What are the lines below, starting at the line containing "Audemars Piguet Royal" and ending at the line containing "low angle view, branch, tree, clear"? Write them out exactly, ends included, without pictures.
======== Working data
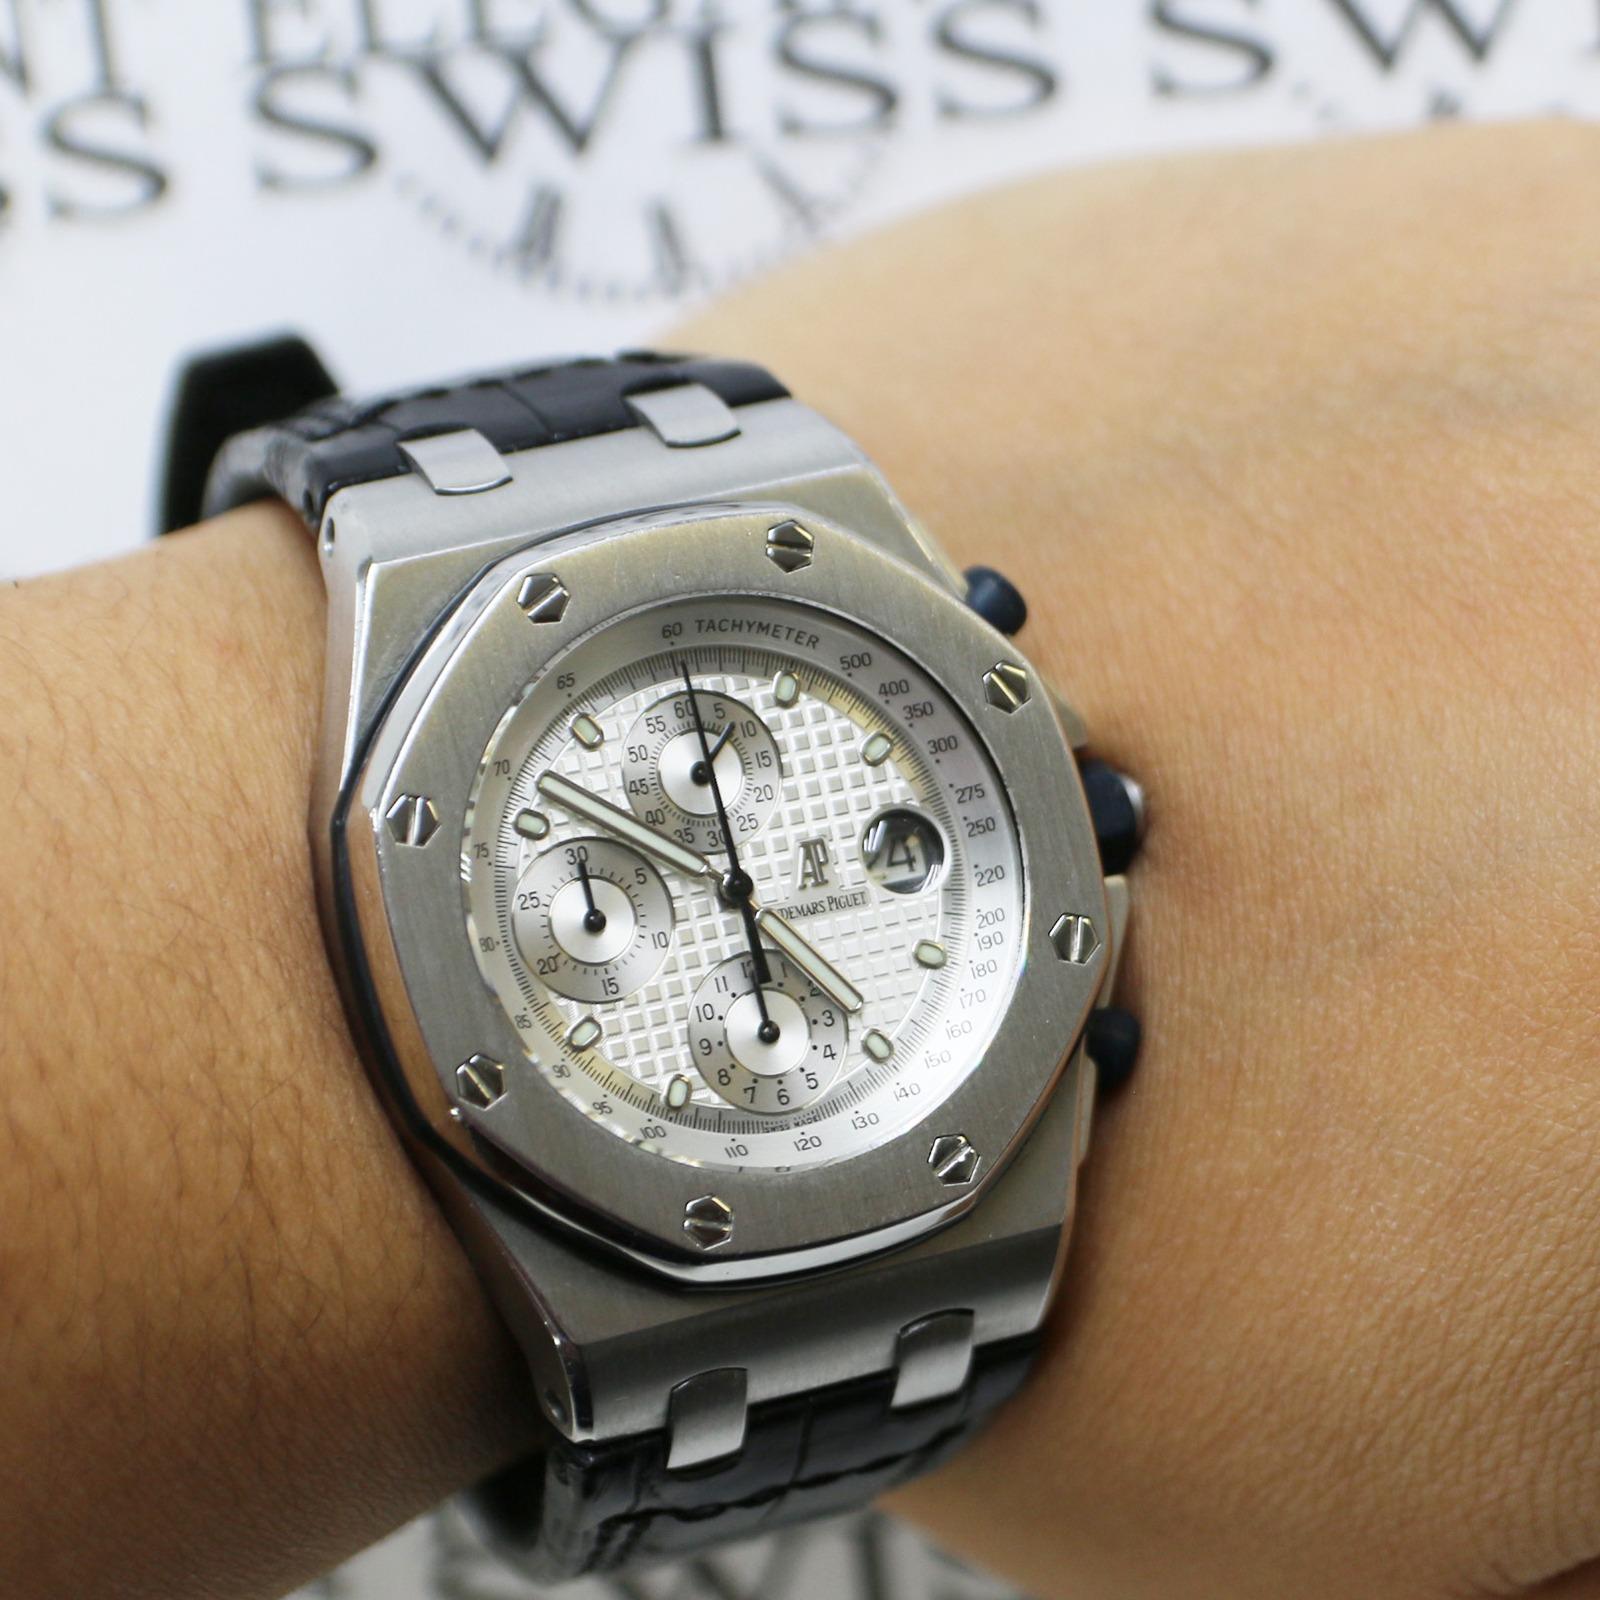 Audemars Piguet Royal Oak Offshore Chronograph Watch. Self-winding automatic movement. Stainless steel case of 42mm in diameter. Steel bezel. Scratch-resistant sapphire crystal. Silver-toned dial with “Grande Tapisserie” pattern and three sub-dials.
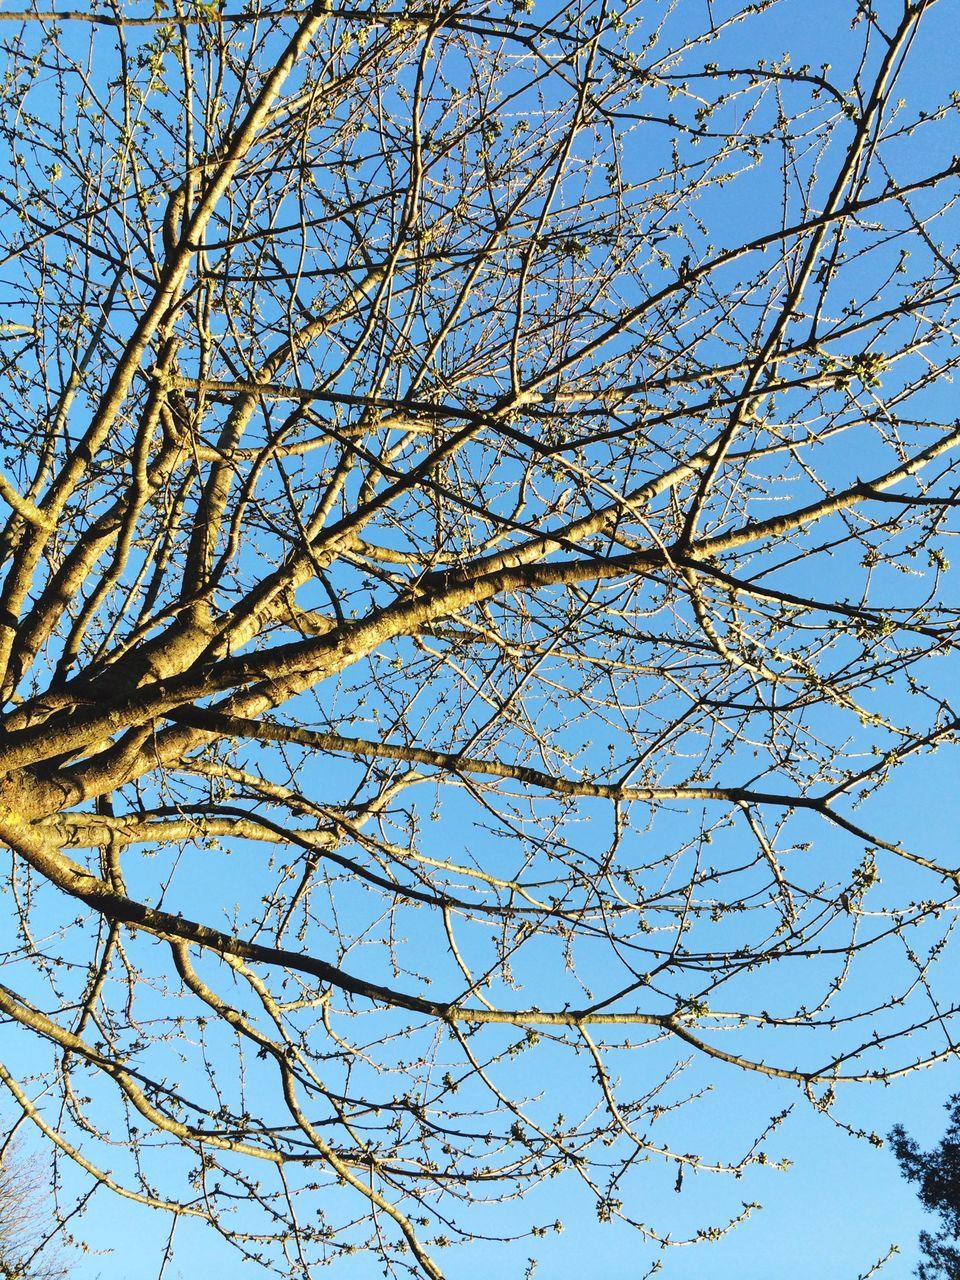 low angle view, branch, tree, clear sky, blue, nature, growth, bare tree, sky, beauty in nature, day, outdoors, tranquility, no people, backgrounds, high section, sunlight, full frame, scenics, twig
================
======== Working data
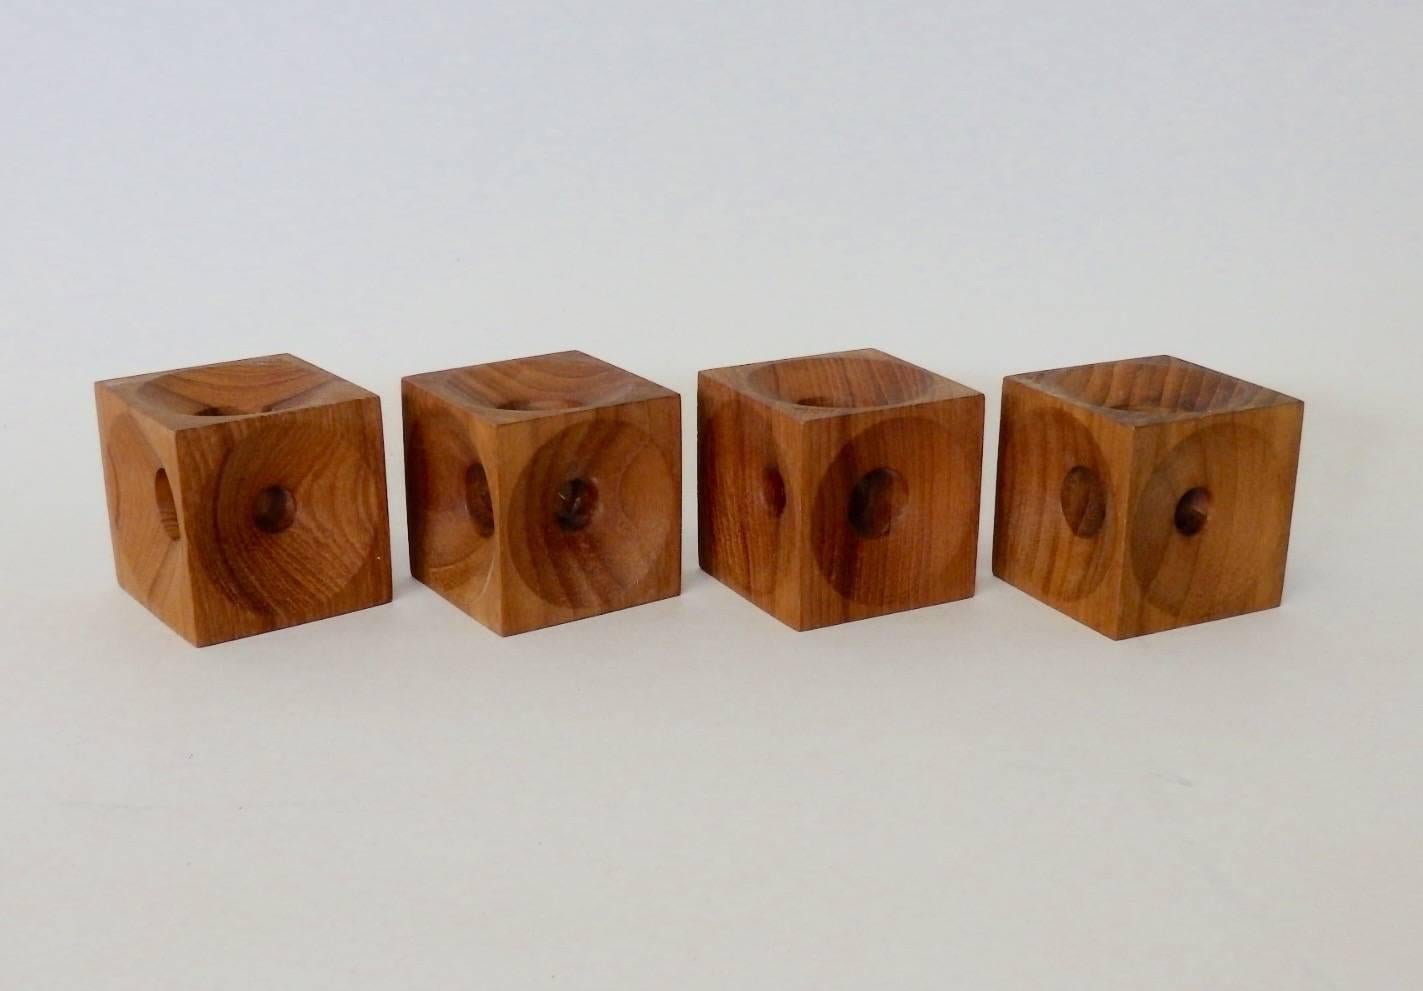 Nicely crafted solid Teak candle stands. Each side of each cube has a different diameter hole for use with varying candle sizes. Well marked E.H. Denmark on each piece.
================
======== Working data
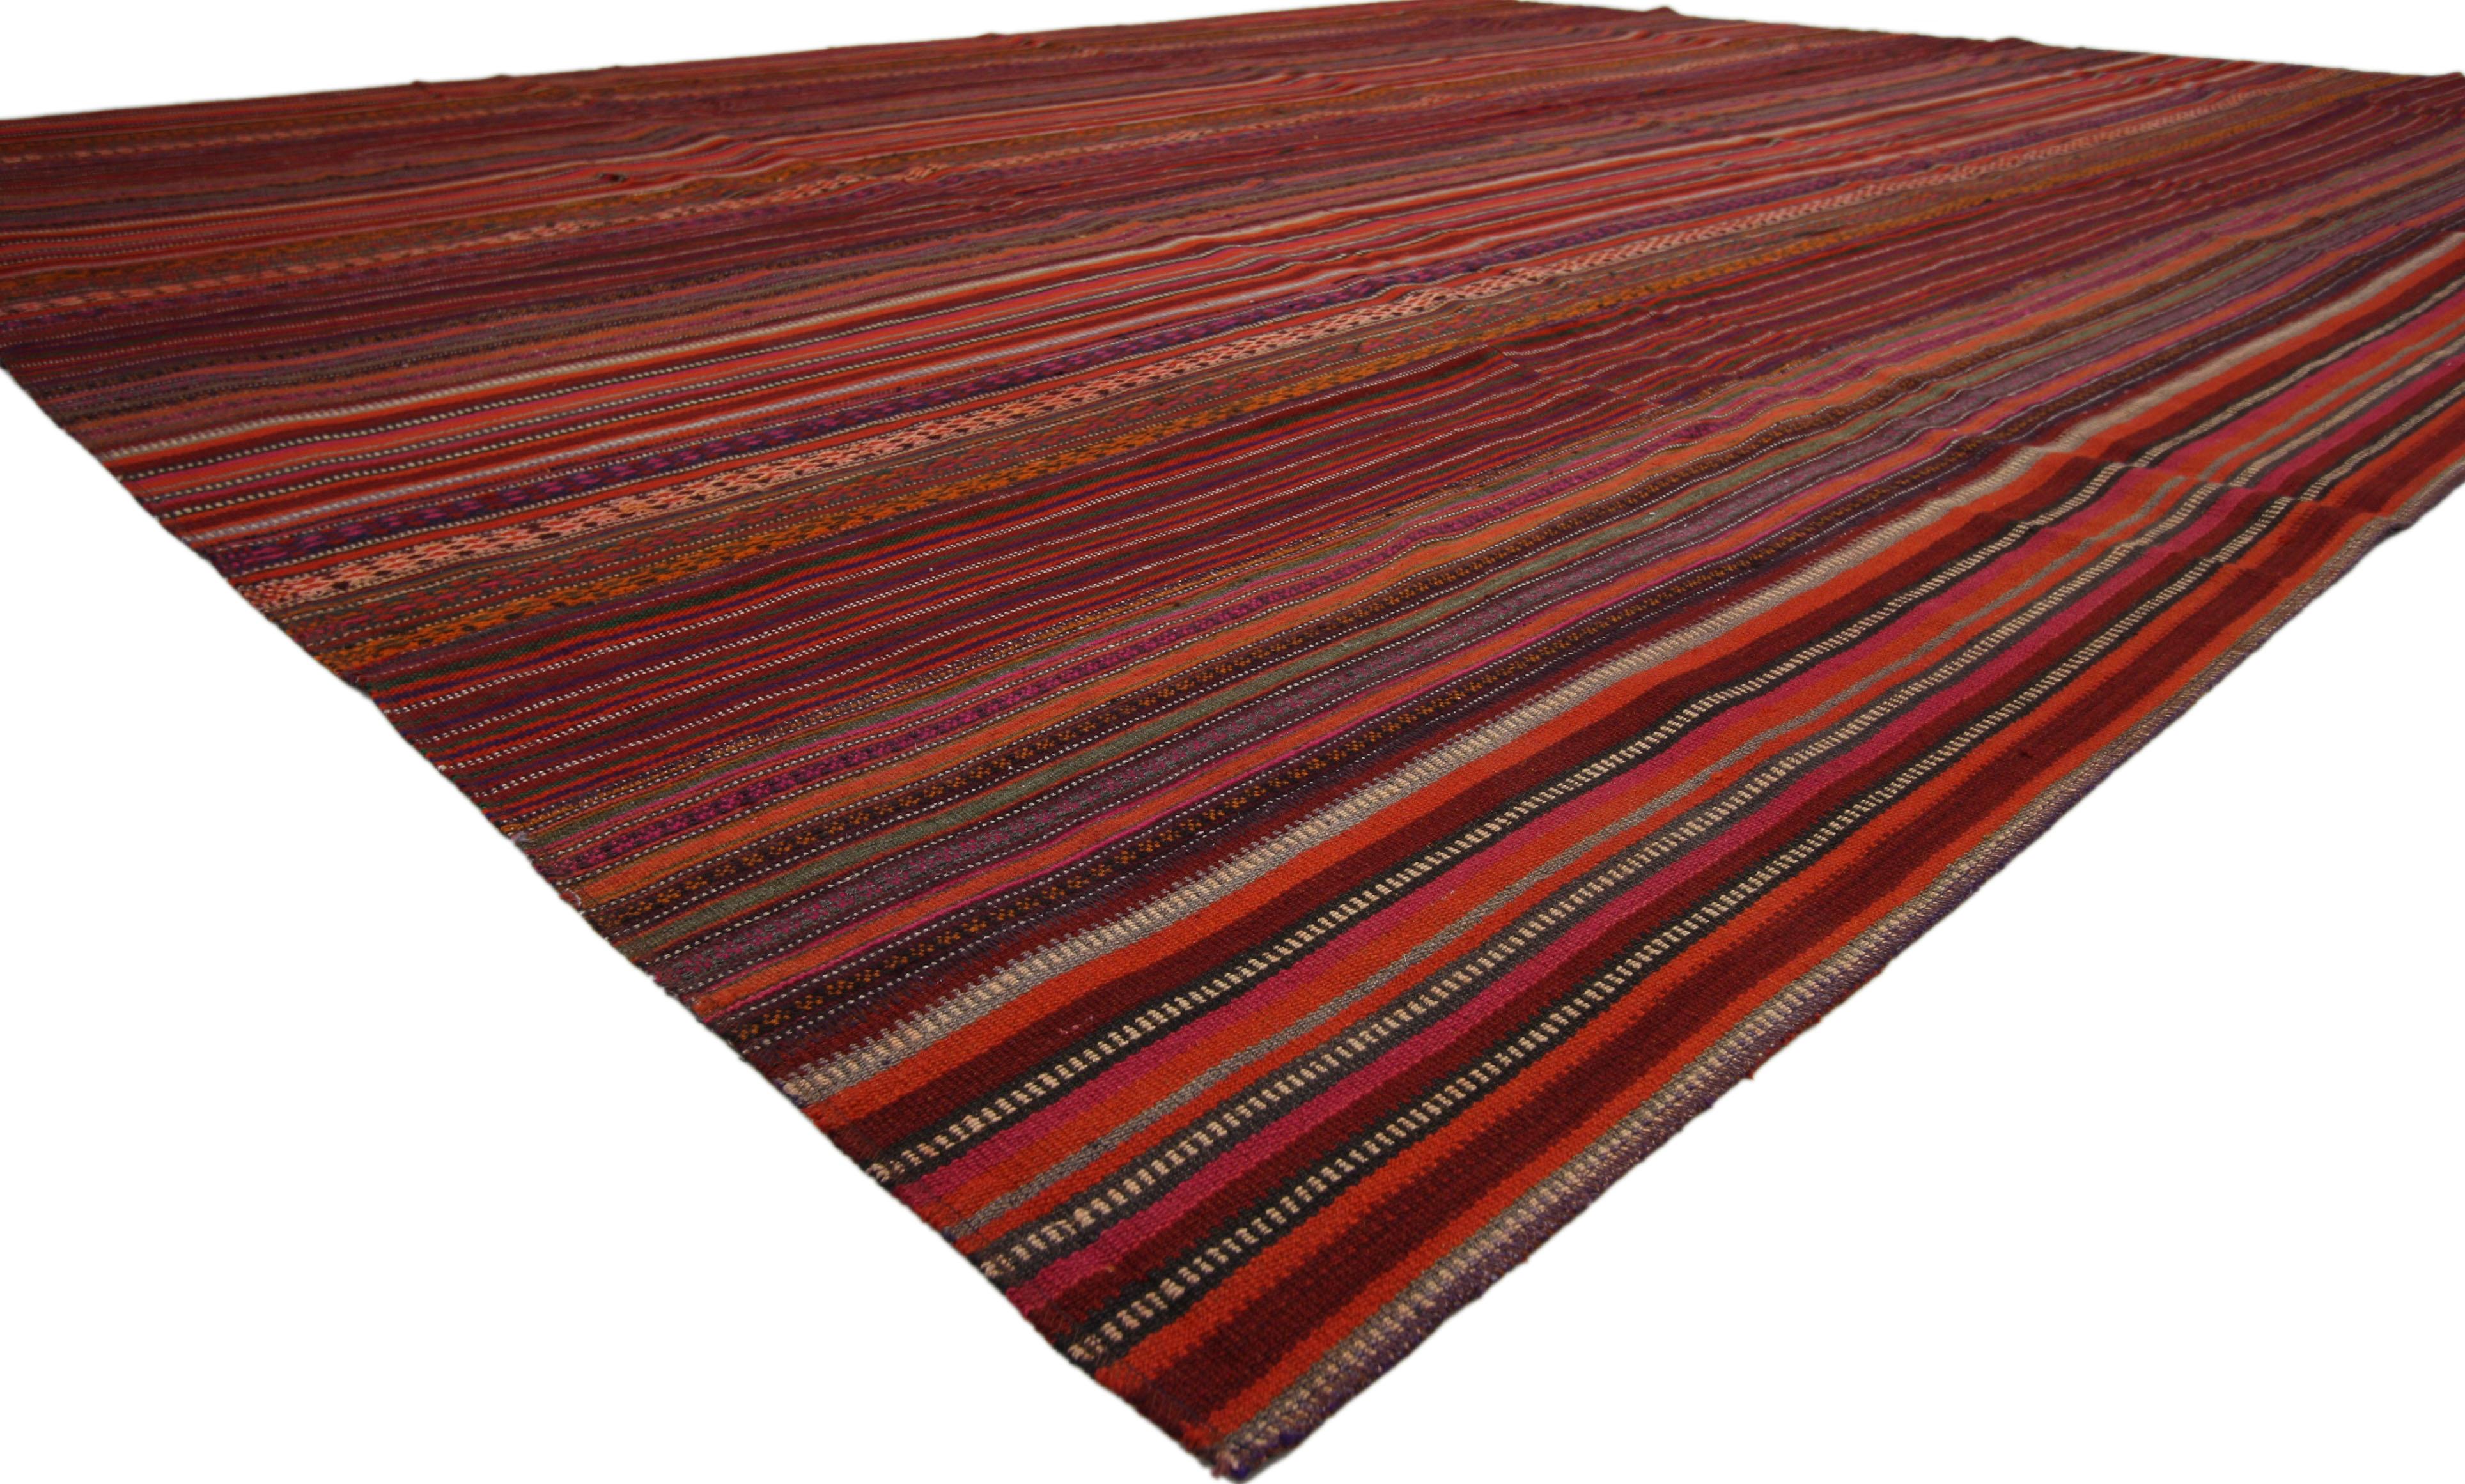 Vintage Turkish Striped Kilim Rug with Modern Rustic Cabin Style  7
================
■ **Result below**
 Audemars Piguet Royal Oak Offshore Chronograph Watch. Self-winding automatic movement. Stainless steel case of 42mm in diameter. Steel bezel. Scratch-resistant sapphire crystal. Silver-toned dial with “Grande Tapisserie” pattern and three sub-dials.
 low angle view, branch, tree, clear sky, blue, nature, growth, bare tree, sky, beauty in nature, day, outdoors, tranquility, no people, backgrounds, high section, sunlight, full frame, scenics, twig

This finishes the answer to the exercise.